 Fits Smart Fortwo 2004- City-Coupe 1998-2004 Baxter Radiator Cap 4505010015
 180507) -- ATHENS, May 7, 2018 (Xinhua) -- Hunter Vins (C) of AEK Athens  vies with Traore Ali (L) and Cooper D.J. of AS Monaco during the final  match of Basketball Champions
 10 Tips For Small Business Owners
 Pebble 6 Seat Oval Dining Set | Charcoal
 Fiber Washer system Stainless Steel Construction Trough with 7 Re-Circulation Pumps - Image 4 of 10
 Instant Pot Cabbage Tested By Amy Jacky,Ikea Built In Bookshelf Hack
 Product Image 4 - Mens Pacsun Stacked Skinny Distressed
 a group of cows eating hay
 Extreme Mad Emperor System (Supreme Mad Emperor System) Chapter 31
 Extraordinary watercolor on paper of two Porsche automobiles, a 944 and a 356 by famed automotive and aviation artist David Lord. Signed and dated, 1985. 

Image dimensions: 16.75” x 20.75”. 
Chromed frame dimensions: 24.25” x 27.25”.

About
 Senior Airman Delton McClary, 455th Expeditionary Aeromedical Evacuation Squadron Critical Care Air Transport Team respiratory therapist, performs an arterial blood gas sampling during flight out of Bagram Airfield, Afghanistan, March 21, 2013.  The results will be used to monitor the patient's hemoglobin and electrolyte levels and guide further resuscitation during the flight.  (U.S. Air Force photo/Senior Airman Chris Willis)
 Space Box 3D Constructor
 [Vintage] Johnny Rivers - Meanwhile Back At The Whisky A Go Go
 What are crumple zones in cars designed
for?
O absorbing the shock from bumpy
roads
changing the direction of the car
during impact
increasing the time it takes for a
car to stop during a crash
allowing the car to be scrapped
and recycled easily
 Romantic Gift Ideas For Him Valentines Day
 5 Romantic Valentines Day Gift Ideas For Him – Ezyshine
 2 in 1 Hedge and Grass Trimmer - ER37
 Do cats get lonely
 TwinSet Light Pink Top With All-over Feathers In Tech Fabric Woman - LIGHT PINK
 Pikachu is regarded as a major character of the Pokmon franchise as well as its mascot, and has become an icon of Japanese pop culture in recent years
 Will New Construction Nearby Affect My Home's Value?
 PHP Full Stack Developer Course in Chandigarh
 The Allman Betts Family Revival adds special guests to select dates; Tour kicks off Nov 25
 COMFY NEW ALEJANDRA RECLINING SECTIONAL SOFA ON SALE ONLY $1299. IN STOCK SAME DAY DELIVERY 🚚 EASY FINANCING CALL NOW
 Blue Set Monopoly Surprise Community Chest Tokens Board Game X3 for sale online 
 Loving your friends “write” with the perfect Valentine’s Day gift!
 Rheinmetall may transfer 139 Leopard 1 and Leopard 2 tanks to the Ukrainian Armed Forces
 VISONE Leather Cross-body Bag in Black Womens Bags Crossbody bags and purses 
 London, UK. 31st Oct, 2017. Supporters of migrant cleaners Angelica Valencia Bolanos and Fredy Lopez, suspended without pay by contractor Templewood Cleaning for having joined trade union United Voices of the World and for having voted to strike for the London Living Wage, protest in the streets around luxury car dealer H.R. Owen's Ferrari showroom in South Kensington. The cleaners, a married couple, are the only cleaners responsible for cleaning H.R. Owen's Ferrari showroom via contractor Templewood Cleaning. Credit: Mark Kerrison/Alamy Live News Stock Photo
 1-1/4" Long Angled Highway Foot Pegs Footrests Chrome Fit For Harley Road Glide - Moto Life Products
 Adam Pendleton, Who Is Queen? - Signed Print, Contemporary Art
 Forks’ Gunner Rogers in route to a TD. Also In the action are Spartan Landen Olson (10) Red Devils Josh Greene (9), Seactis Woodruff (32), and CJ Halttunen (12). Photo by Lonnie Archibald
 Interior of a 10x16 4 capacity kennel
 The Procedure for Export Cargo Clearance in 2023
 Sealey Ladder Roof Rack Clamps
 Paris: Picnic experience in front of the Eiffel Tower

**Aim of the exercise**
Please copy exactly the lines from the first line of the records above through the line containing "and recycled easily", including both, and nothing more.

**Solved exercise**
 Fits Smart Fortwo 2004- City-Coupe 1998-2004 Baxter Radiator Cap 4505010015
 180507) -- ATHENS, May 7, 2018 (Xinhua) -- Hunter Vins (C) of AEK Athens  vies with Traore Ali (L) and Cooper D.J. of AS Monaco during the final  match of Basketball Champions
 10 Tips For Small Business Owners
 Pebble 6 Seat Oval Dining Set | Charcoal
 Fiber Washer system Stainless Steel Construction Trough with 7 Re-Circulation Pumps - Image 4 of 10
 Instant Pot Cabbage Tested By Amy Jacky,Ikea Built In Bookshelf Hack
 Product Image 4 - Mens Pacsun Stacked Skinny Distressed
 a group of cows eating hay
 Extreme Mad Emperor System (Supreme Mad Emperor System) Chapter 31
 Extraordinary watercolor on paper of two Porsche automobiles, a 944 and a 356 by famed automotive and aviation artist David Lord. Signed and dated, 1985. 

Image dimensions: 16.75” x 20.75”. 
Chromed frame dimensions: 24.25” x 27.25”.

About
 Senior Airman Delton McClary, 455th Expeditionary Aeromedical Evacuation Squadron Critical Care Air Transport Team respiratory therapist, performs an arterial blood gas sampling during flight out of Bagram Airfield, Afghanistan, March 21, 2013.  The results will be used to monitor the patient's hemoglobin and electrolyte levels and guide further resuscitation during the flight.  (U.S. Air Force photo/Senior Airman Chris Willis)
 Space Box 3D Constructor
 [Vintage] Johnny Rivers - Meanwhile Back At The Whisky A Go Go
 What are crumple zones in cars designed
for?
O absorbing the shock from bumpy
roads
changing the direction of the car
during impact
increasing the time it takes for a
car to stop during a crash
allowing the car to be scrapped
and recycled easily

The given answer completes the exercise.